On February 2, 1984 at approximately 2:50 p.m., the Radio Shack located at 5100 Westbank Expressway was robbed of Six Hundred Fifty-Three Dollars and Fifty-Nine Cents ($653.59) by an armed gunman who managed to flee in a waiting automobile. An employee of a nearby business was an eyewitness to the robbery and reported to Officer Guillory, the deputy on the scene, that she observed the gunman leave the store and jump into the rear seat of a car that had been parked on the east side of the building. She obtained the license number of that vehicle and gave it to Deputy Guillory.

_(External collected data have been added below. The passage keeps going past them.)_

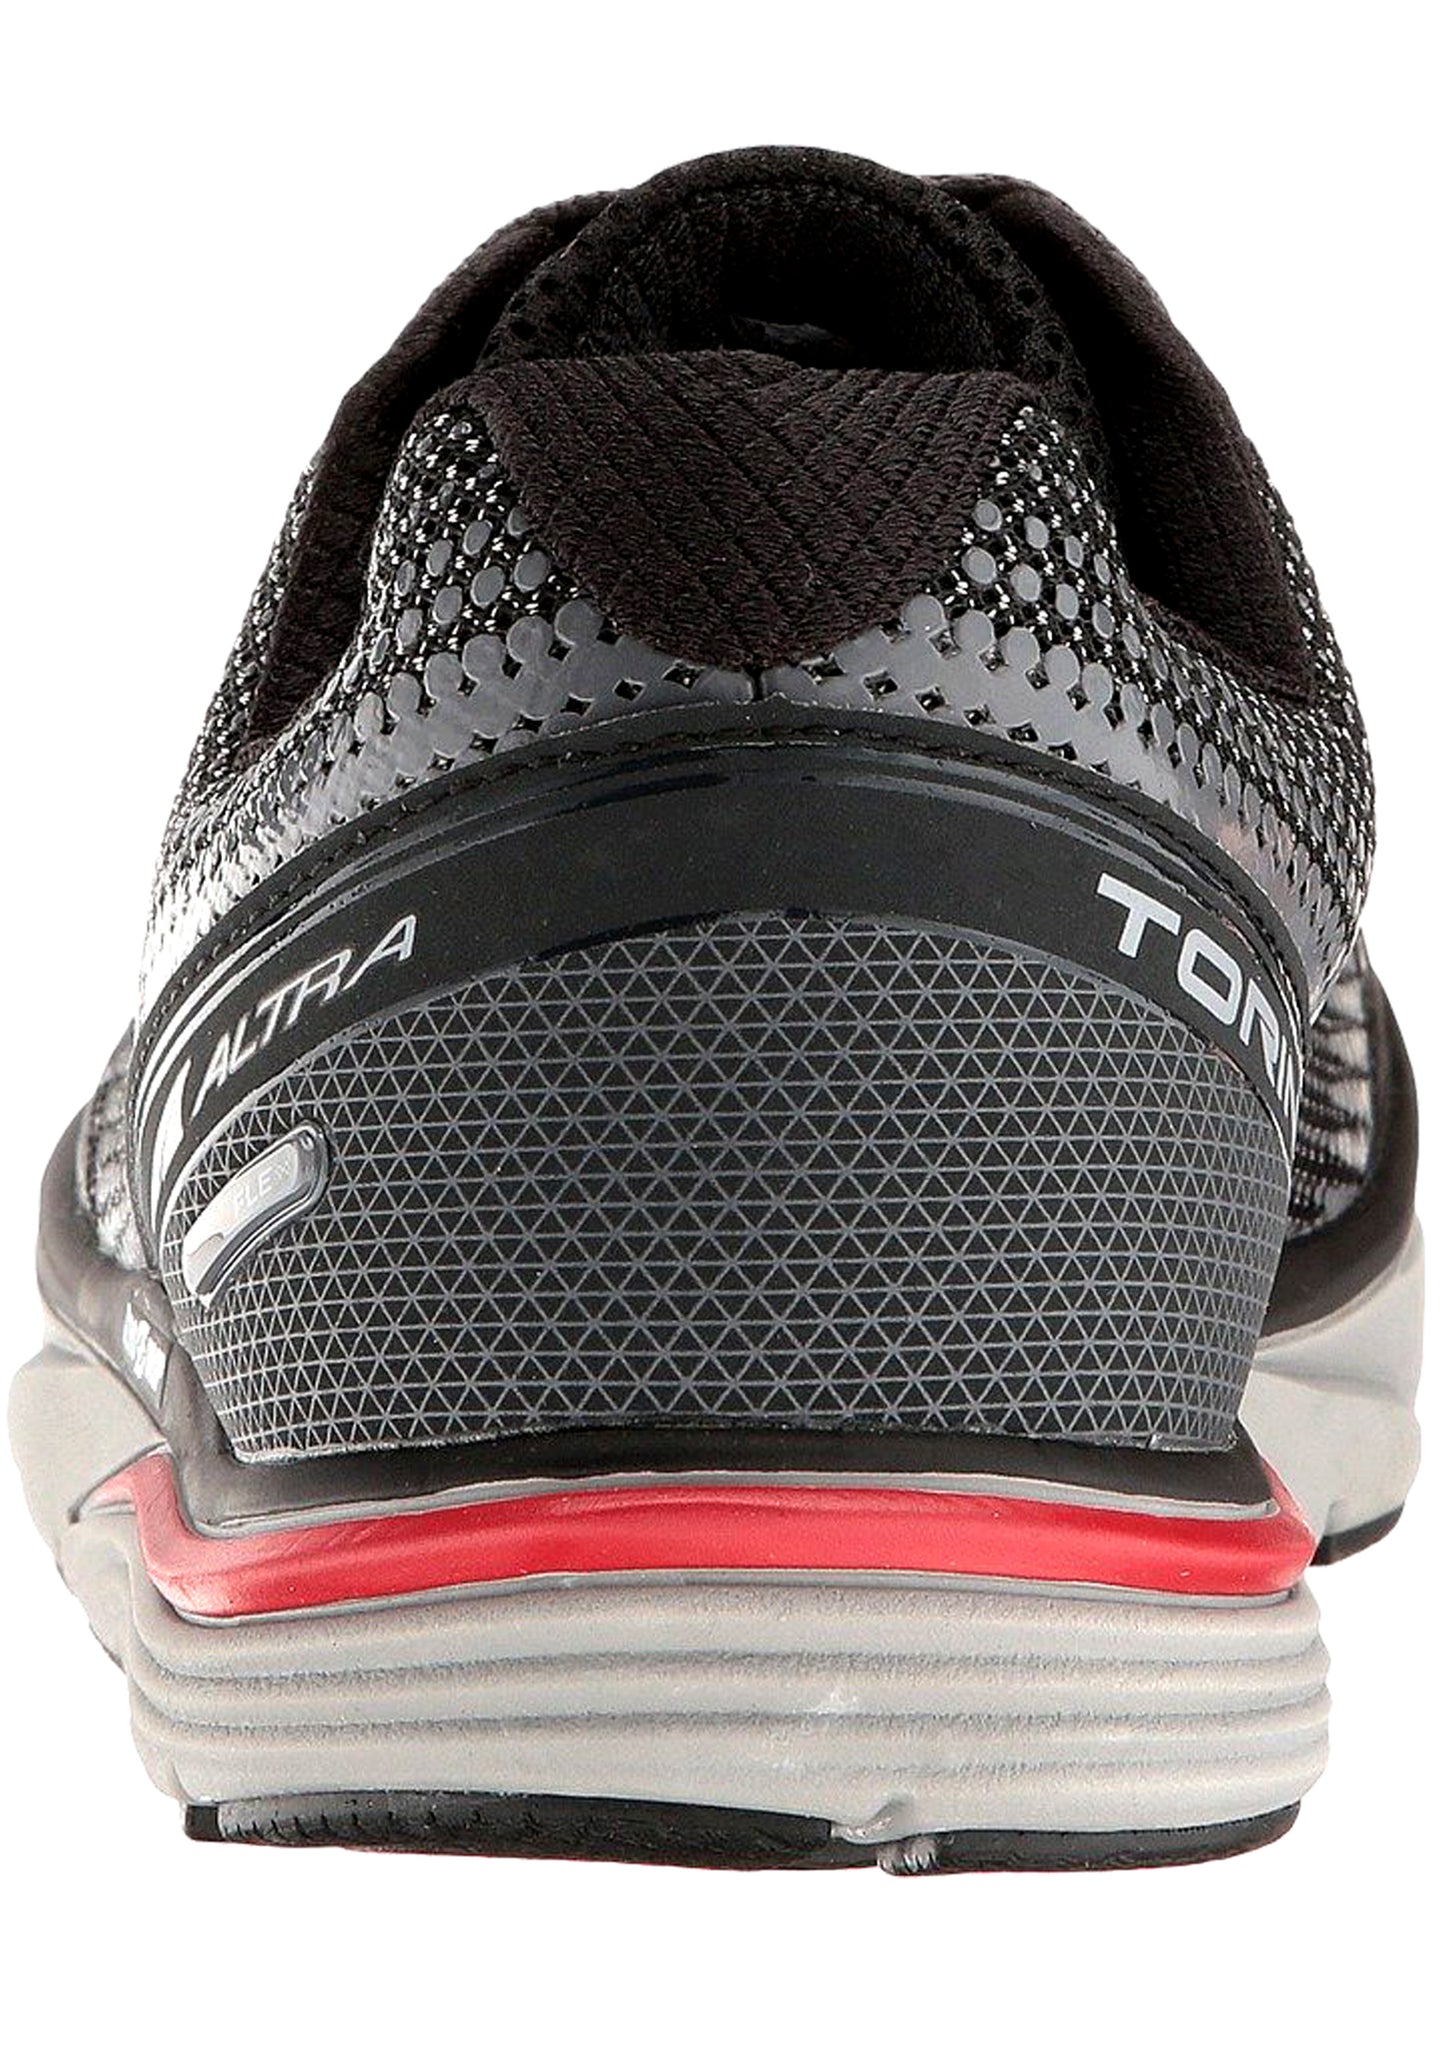 
                  
                    Back of Black/Red Altra Men's Running Lightweight Platform Flexible Shoes Torin 3.0
                  
                
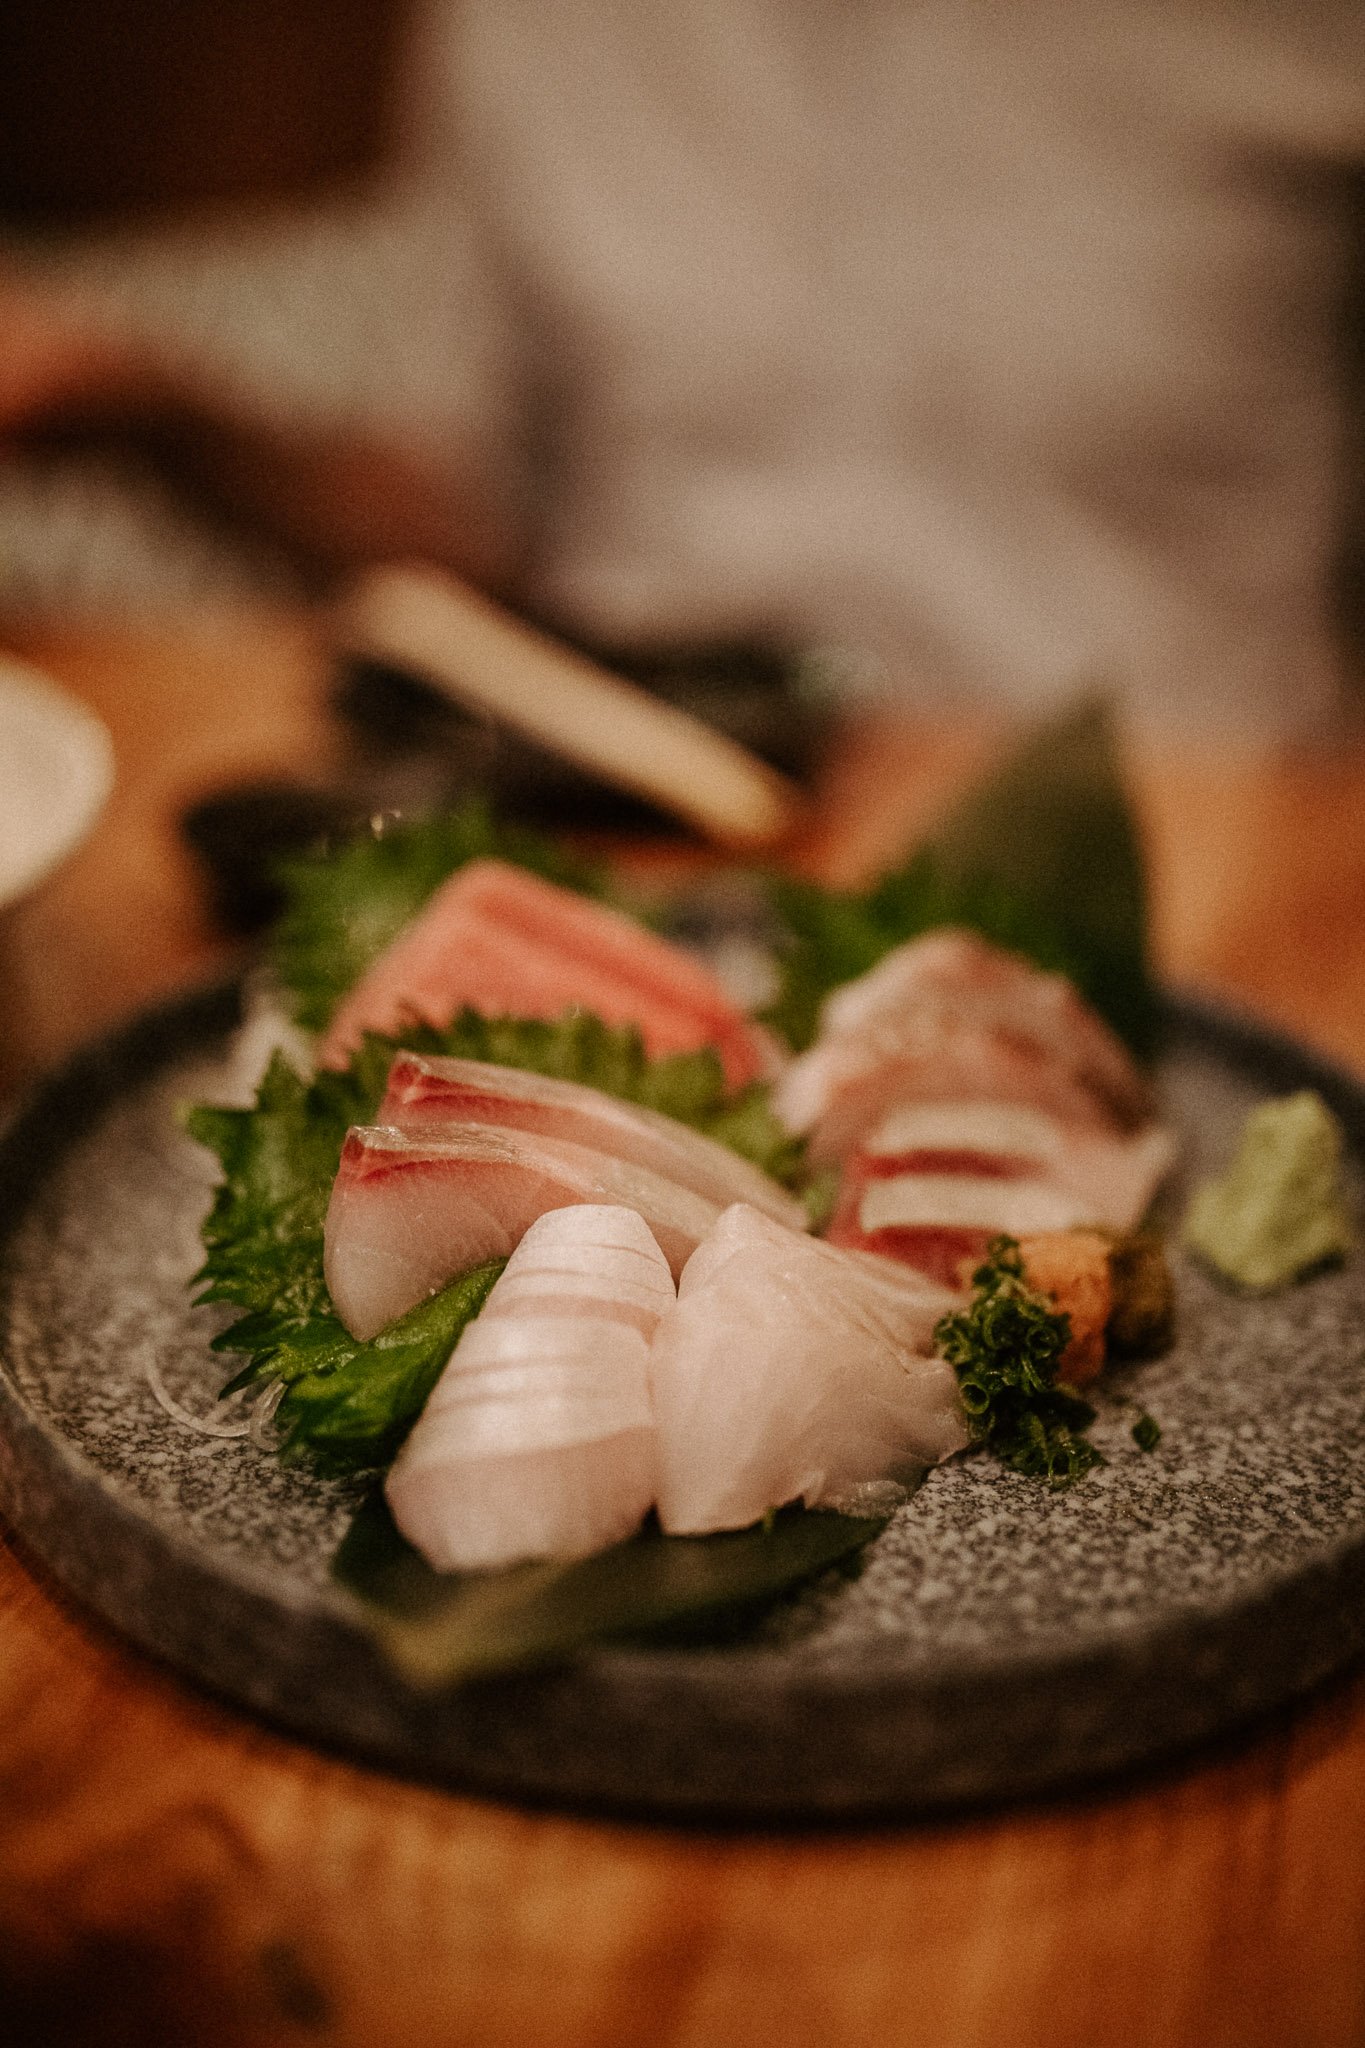 fish-and-bird-berkeley-japanese-cuisine-sashimi-2.jpg

Later the same day, the vehicle was located along with defendant Taff Rivers. Advised of his rights, Mr. Rivers gave a voluntary statement to the police. He indicated his brother, Ricky Stoy Signal, approached him with the idea of robbing the store. Although defendant stated he had tried to talk his brother out of going through with his scheme, he nevertheless confessed to driving the car. Defendant added however that he had no knowledge of his brother having a gun and received no money other than a small amount for gas.

On February 16, 1984, a bill of information was filed charging Rivers with the armed robbery of Larry Dillon, an employee of Radio Shack, in violation of LSA-R.S. 14:64. On February 21, 1984, defense counsel appeared and waived hearing of his motion for preliminary examination and bond inquiry. On March 14, 1984, defendant appeared before Judge Wallace C. LeBrun and entered the combined pleas of "not guilty" and "not guilty by reason of insanity." A sanity commission was appointed by Judge LeBrun on March 27, 1984 in response to a defense motion; and following a contradictory hearing on April 12, 1984, Judge LeBrun found the defendant competent to stand trial and assist counsel in the preparation of a defense.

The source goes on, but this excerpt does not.